Growing up and reading my older sister's magazines, I remember reading a lot of tips on how to flirt. Classic moves, like making eye contact, holding it for two seconds, looking away, and looking back. Drawing attention to your mouth, by sucking on a straw or eating a conveniently located piece of fruit. And of course, making sure your claddagh ring is turned the right way around -this one's a rookie mistake.  Ridiculous moves, hence I never try any of them and instead rely on talking to them a lot, thinking about them a lot and “liking” their Facebook photos when I'm drunk. Heads up: it's not the most effective method.

Of course, these days there are some tried and true ways to attract that special someone. Straight girls, why not make out with one of your girl friends at a bar which your local sports teams frequent? This strategy is based on the "draw attention to your mouth" tenet but takes it to a whole new level. Just be careful you don't genuinely get turned on, take her home and have the best night of your life -unless there's a guy there recording you, it means you've done it all wrong.

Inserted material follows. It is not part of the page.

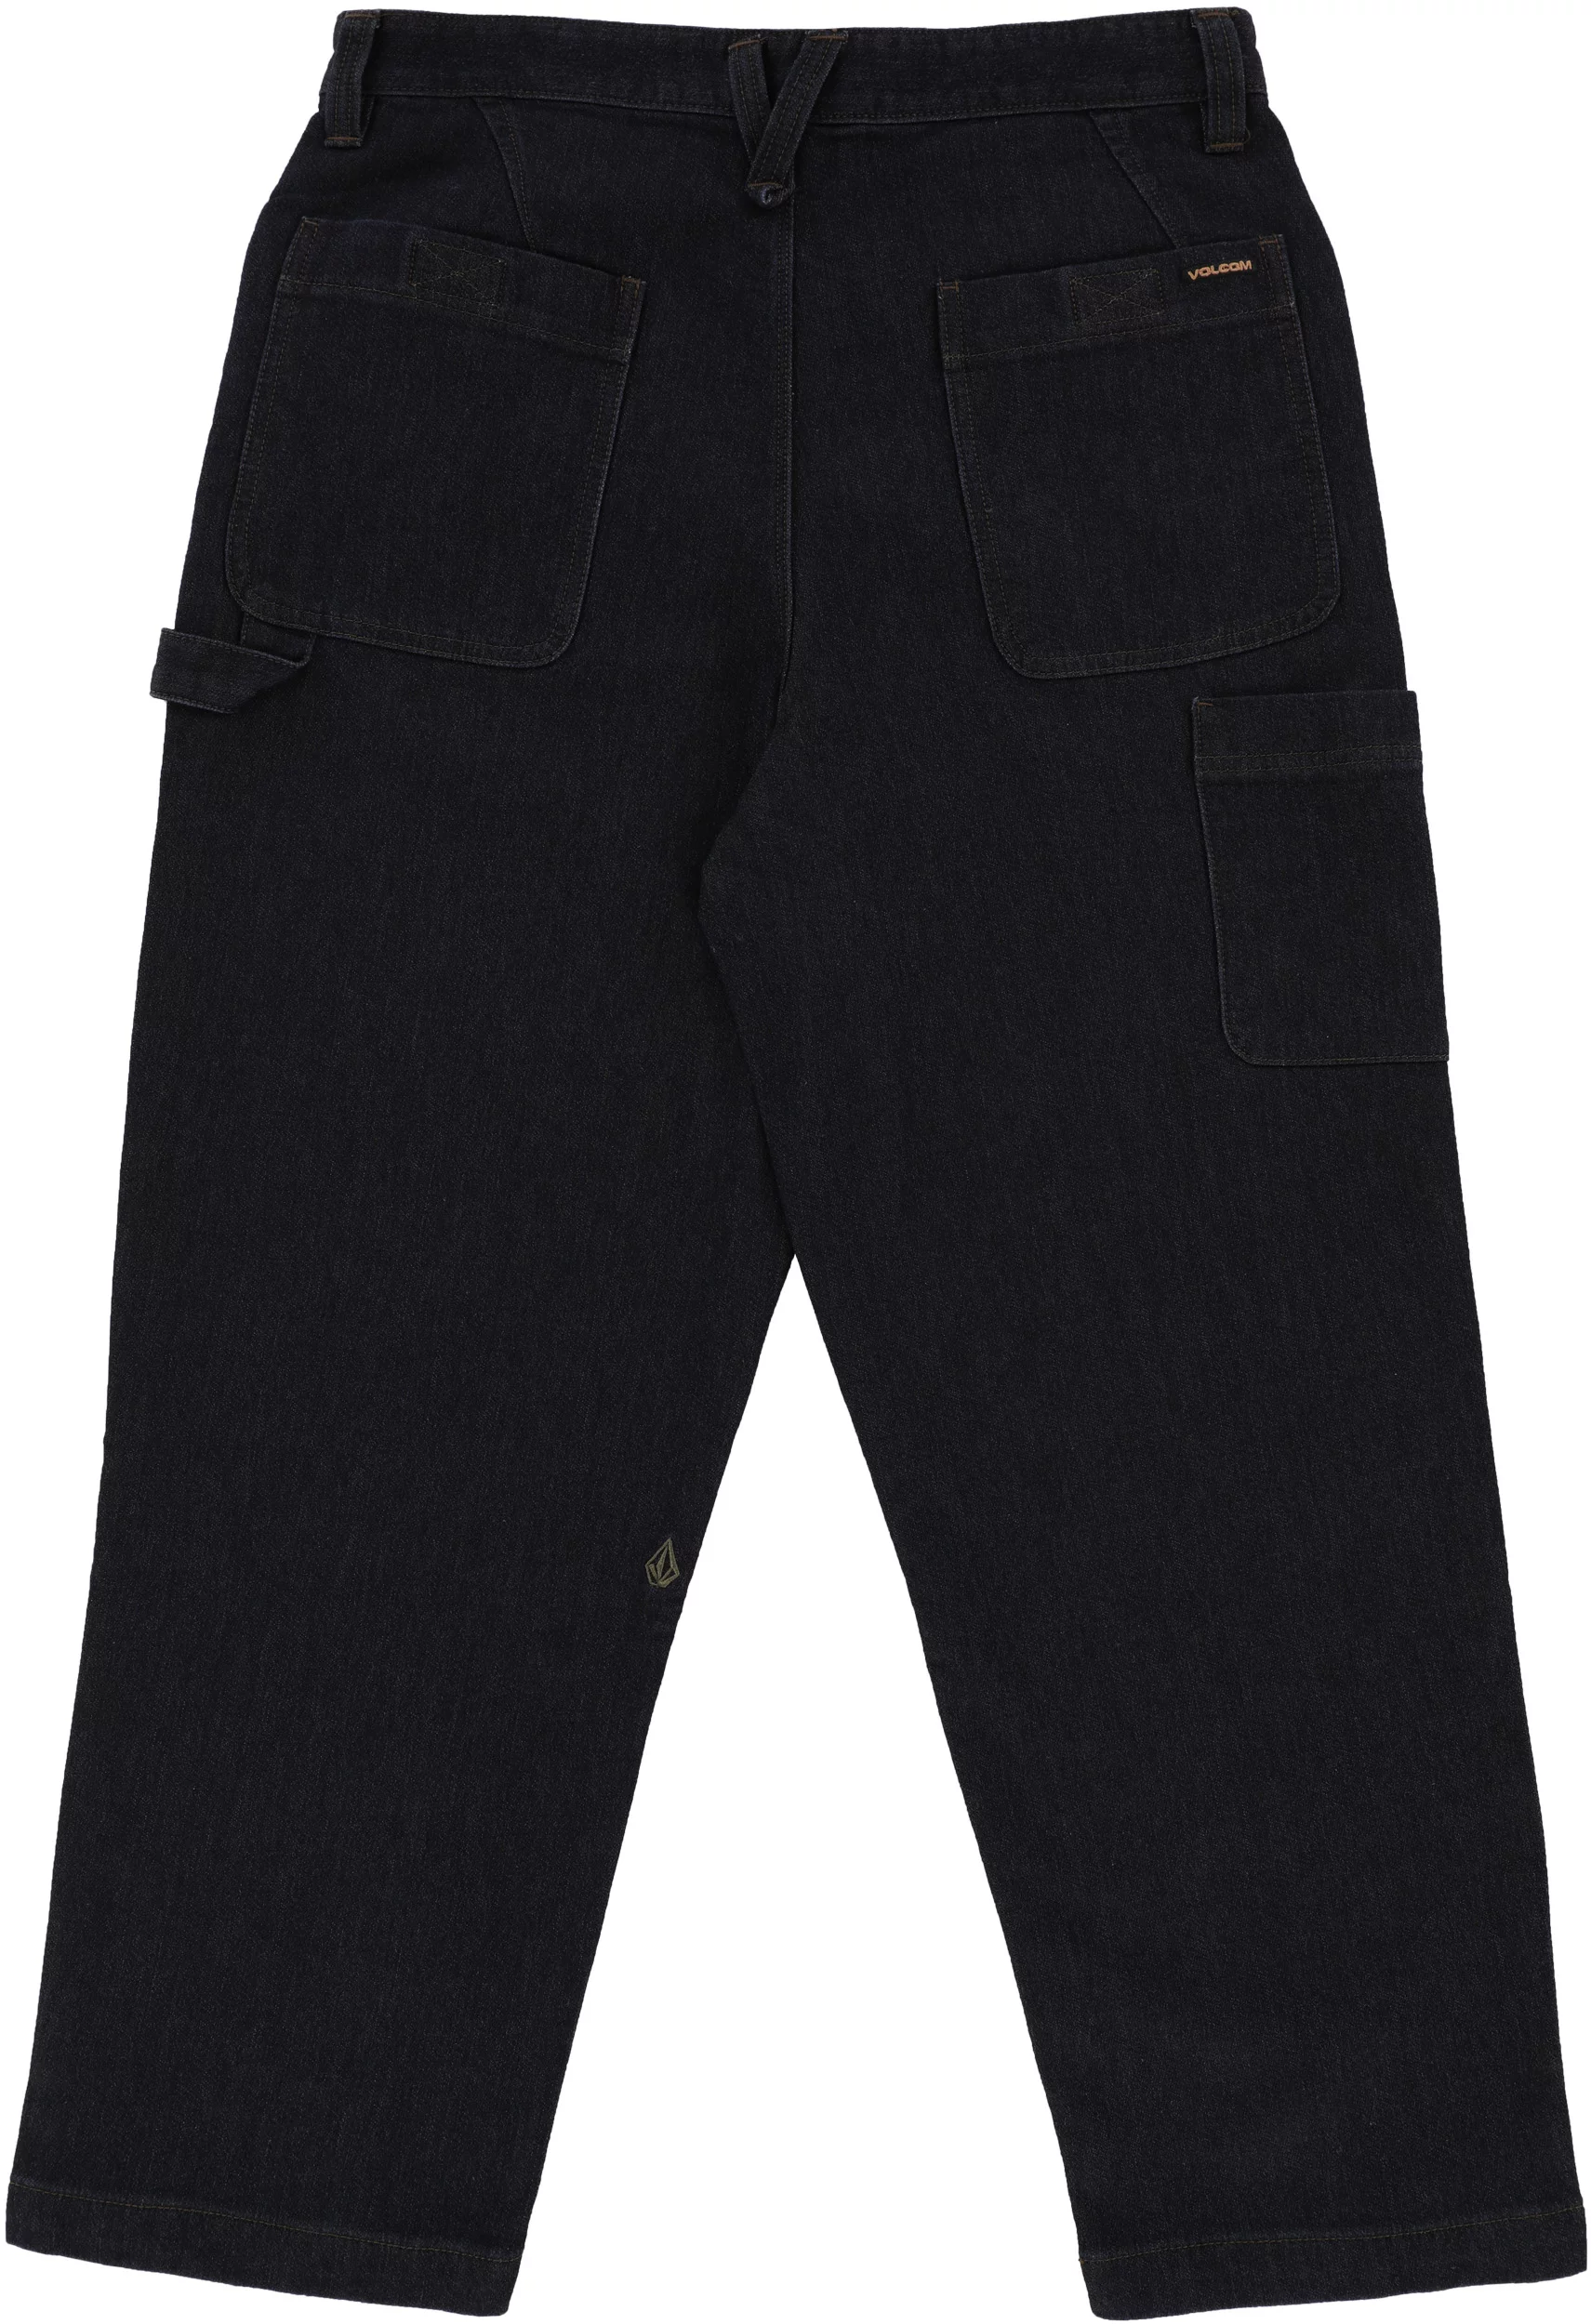 Volcom Kraftsman Jeans - baja indigo | Tactics

Dudebros, finding it hard to meet chicks?  Lucky for you there are now many books out there to guide you in becoming a successful PUA (that's pick-up artist for you laymen... and you will be lay men!) I gotta warn you, these books can be a little word-y, and don't have too many pictures but thankfully they use a lot of neat code words like BHRR (Bait, Hook, Reel, Release) and Freeze Zone (see, it's just like video games!) And look at it this way, what does one book on emotionally and psychologically manipulating a woman into bed with you cost? Ten, twelve bucks? And what do five double-vodka redbulls cost? Exactly.

But what if you're not a total douchebag, and what if eyelash-batting and lip-biting make you feel like the tool they should?
Well fret not, wallflowers, Studio Roosegaarde has got yo' shy backs.
Introducing Intimacy -the dress that flirts for you.

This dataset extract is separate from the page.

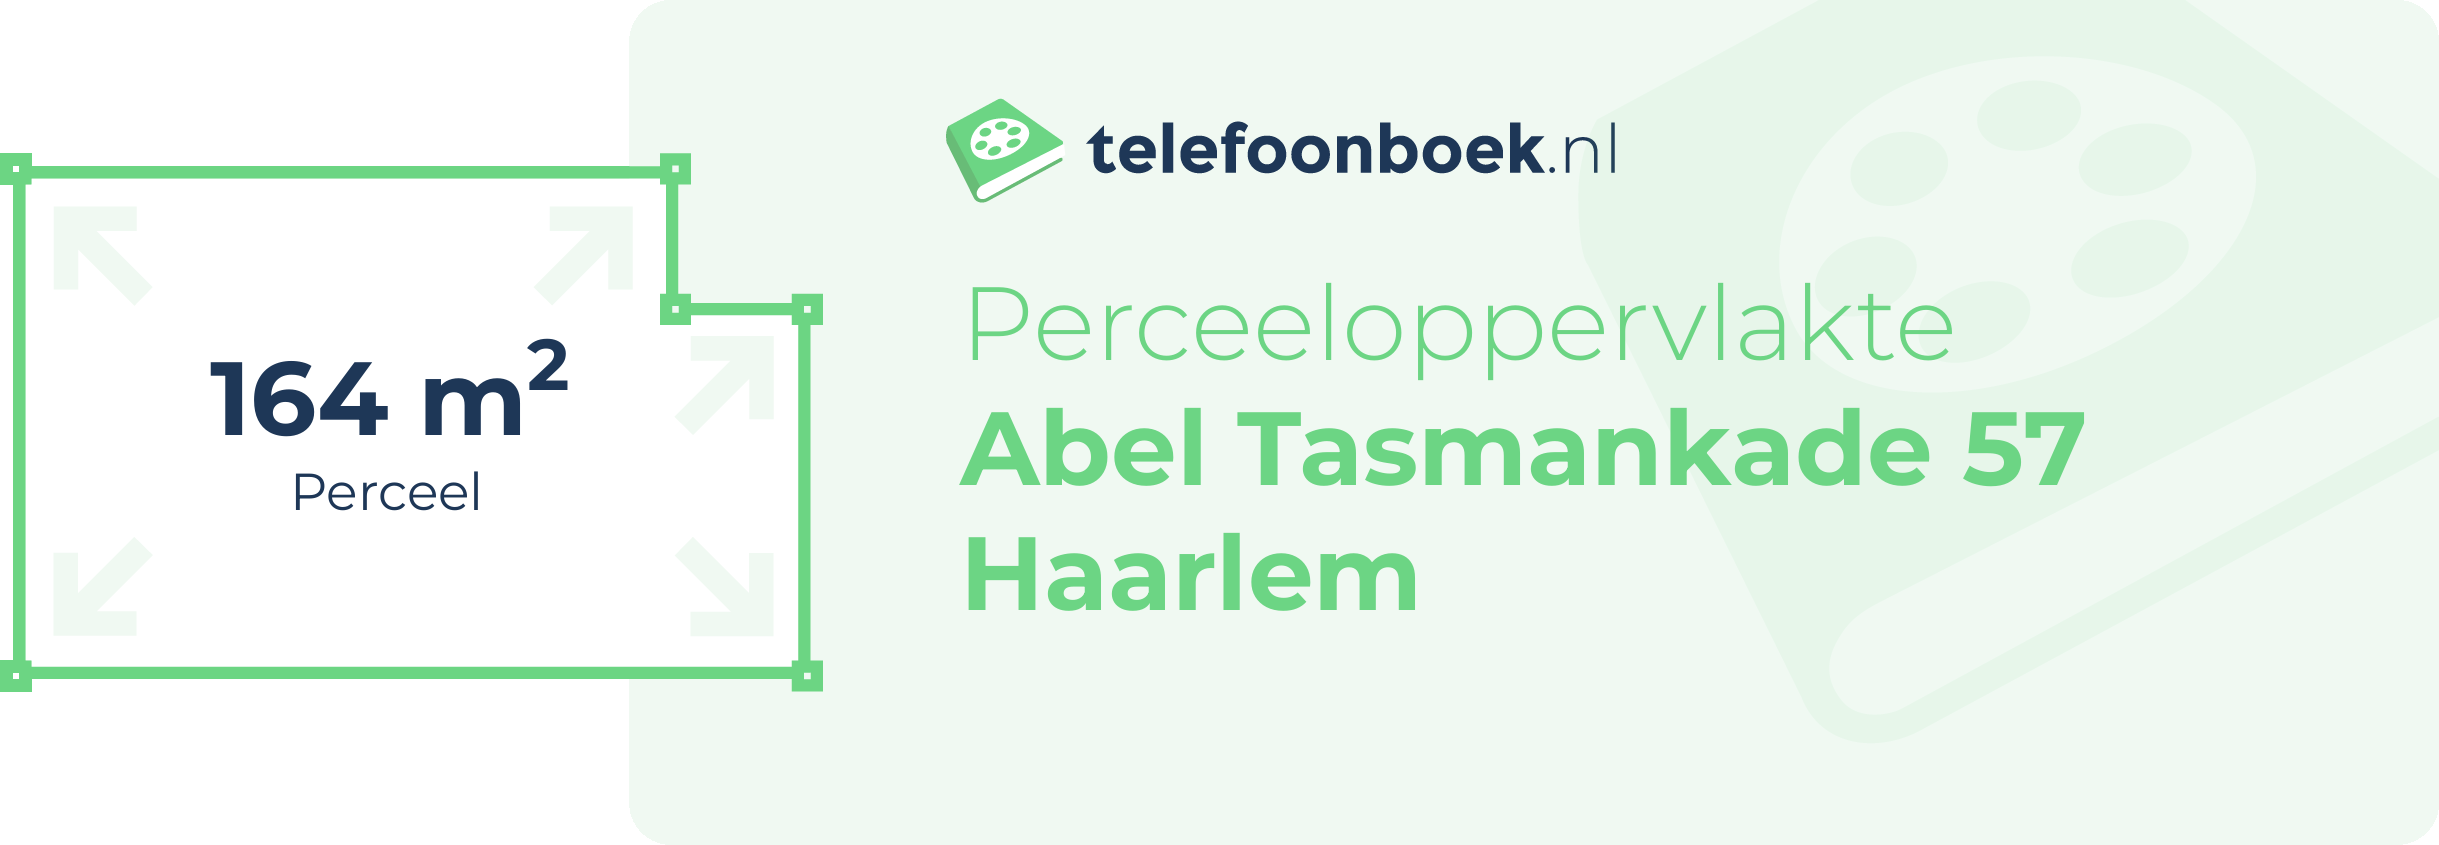 Perceeloppervlakte Abel Tasmankade 57 Haarlem

Okay.. I should point out this is really only an option for those too-shy-to-ask-for-a-number-but-not-too-shy-to-go-out-wearing-some-shredded-stationery-supplies. Perhaps a niche market. I won't bother putting the dress down on the basis that it's ugly and stupid and we can all see her bottom, because it's conceptual, I get it. However, that means the concept is fair game.

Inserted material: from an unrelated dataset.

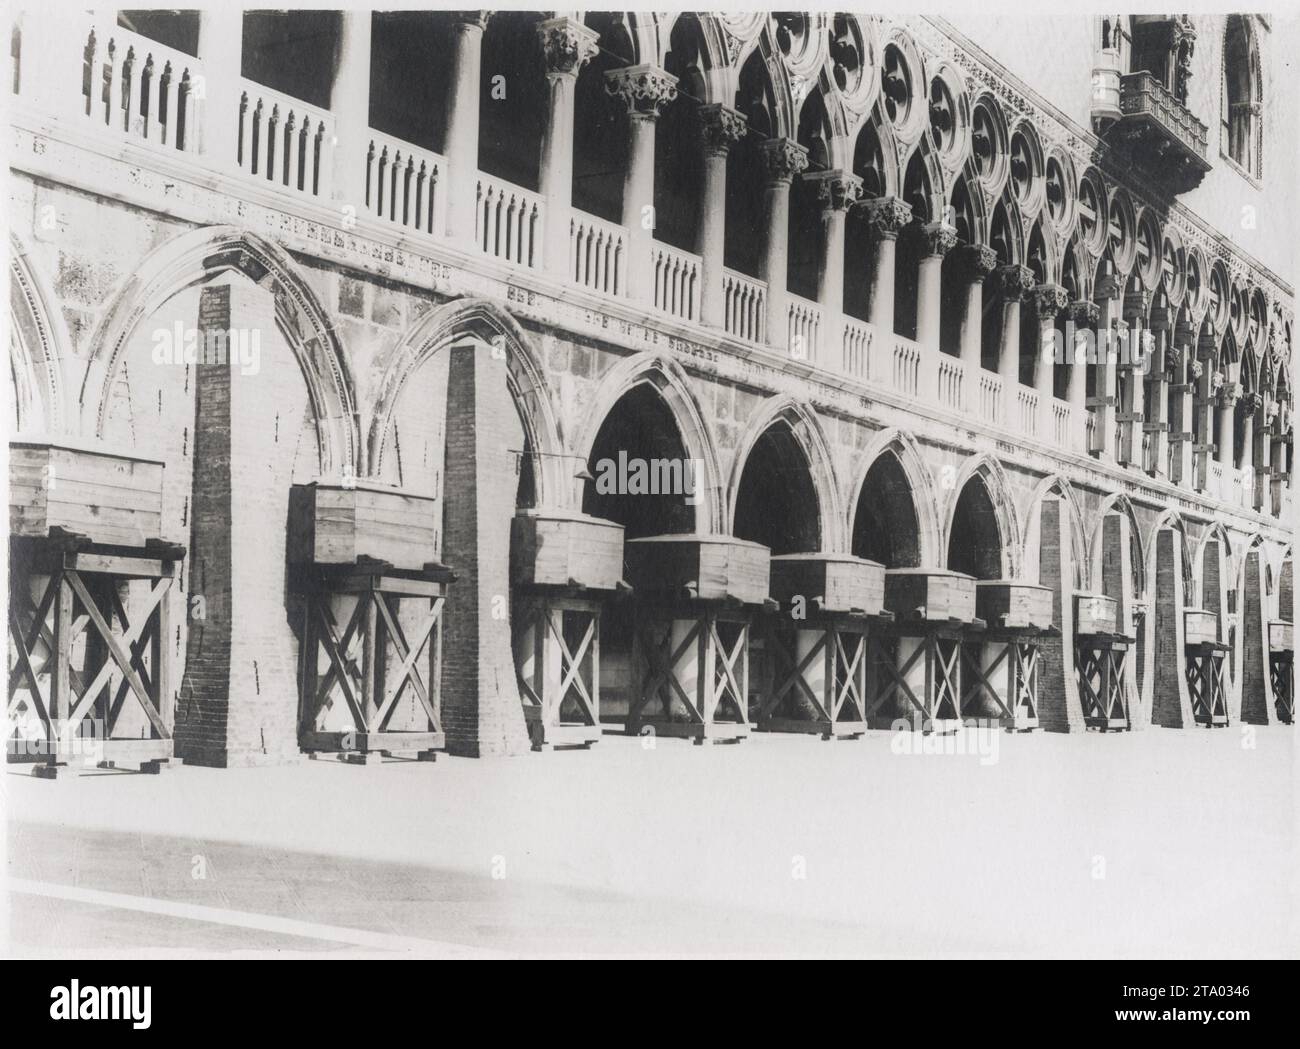 WW1 World War I - Sandbags in Venice, Italy Stock Photo

And the concept is ALL wrong. Parts of the dress become transparent when your heart-rate increases. Not when you lick your lips suggestively, or toss your hair suggestively or make sexual innuendo er.. suggestively, or do other lame flirty things, but when your heart rate increases. Do heart rates even increase when flirting?! I thought any flirt-related physiological activity occurred in the brain. Or in the pants, but mostly the brain.
Often, if your heart starts pounding (and you're not pounding) it might mean you're angry -like when you're at a bar and a stranger behind you digs his paw at you from behind, squeezing you so hard under your dress it hurts, and when you turn around there are three men grinning to each other and you don't even know whose nose to break. Or sometimes your heart may start to race when you're intimidated -like when a guy you don't know approaches you, and when you return to your friends he gets upset and follows you around the rest of the night calling you a stuck-up bitch. I'm just not sure that a dress which responds to these kinds of scenarios by revealing some side-boob is such a good idea.

And herein lies the garment's fatal flaw. Despite the futuristic technology involved, the flirt dress is positively Stone Age in its design. For decades, we've been arguing that a woman's outfit does not signify her sexual intentions, and that short skirts and low shirts does not mean “she wants it.” Now here's a dress designed to re-establish the connection between how much flesh she's baring and how much she's interested. Gross.

If there's a part of you that still thinks there's something sort of neat about an outfit being able to communicate when you really do want to flirt with someone, but you don't want to spend a gazillion dollars on a dress that looks like something they put around a cat's neck post-neutering, well then just undo one more button for chrissakes.